Tesla adds Semi truck diecast toy in 1:24 scale to its online store:

https://www.teslarati.com/tesla-semi-truck-diecast-toy-model/

"Tesla has bolstered its collection of diecast scale models with the addition the all-electric Semi truck.

According to Tesla’s description for the Semi model in 1:24 scale, the same 3D CAD data used for the full-size truck was used to design and manufacture its miniature tribute under meticulous oversight by Tesla’s Design Team in California. The miniature scale model in pearlescent silver has a size of 292 mm long x 124 mm wide x 172 mm high and weights a solid 3.3 lbs.

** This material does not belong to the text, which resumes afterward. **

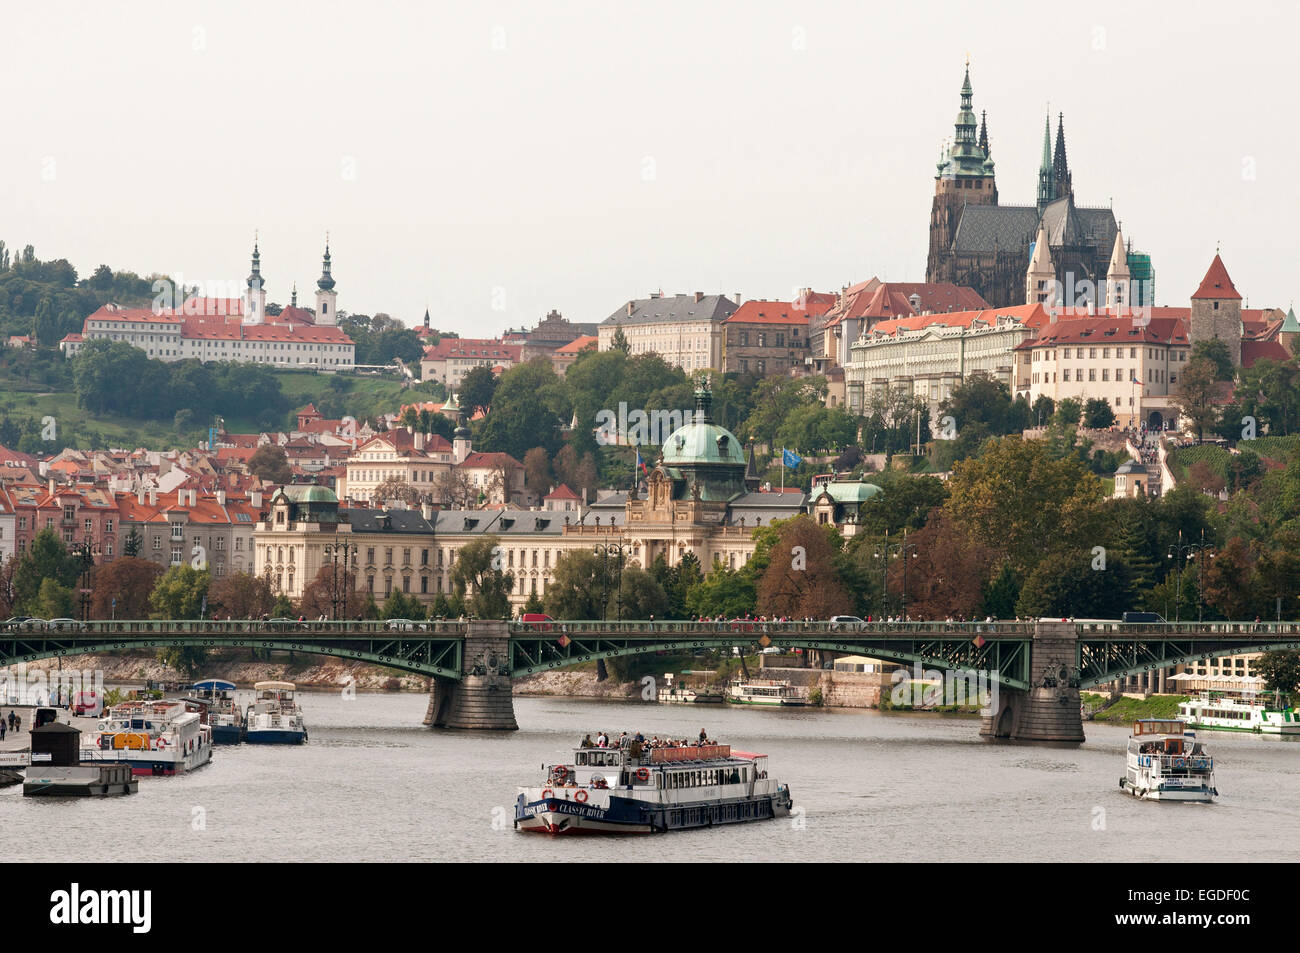 Vue du château de Prague, la cathédrale Saint-Guy et monastère capucin, Prague, République Tchèque, Europe Banque D'Images

Tesla’s online store also offers miniature versions of the Model S, Model X and Model 3 which also carry the same $250 price tag. They’re also sized slightly larger at 1:18 scale and are offered with more color variants than the diecast Tesla Semi."


----------



## toddalin (Jan 4, 2008)

All that area behind the driver is for the cargo load. The batteries fill the semi-trailer.


----------



## ddrum31 (Aug 30, 2017)

Lol!!!


----------



## Totalwrecker (Feb 26, 2009)

It's so 1880s!


----------



## Dan Pierce (Jan 2, 2008)

great for a back to the future RR.


----------



## rkapuaala (Jan 3, 2008)

The batteries are part of the chasis, not the trailer  I can't wait for them to come out with a pickup I can afford. The Rivian is going for 61 k base price for a 230 mile range (which is good for my needs). Like the Semi, the Rivian has it's battery packs located in the chasis, just below the wheel centers for stability.


----------



## Mike Toney (Feb 25, 2009)

I will get to see the real semi's in the near future, we live not far from one of Walmart's huge frozen food hub warehouses. They are one of the first large buyers for the forth coming Tesla semi trucks. Should be fun to see them in use. They look like something that might be seen in the move Blade Runner!


----------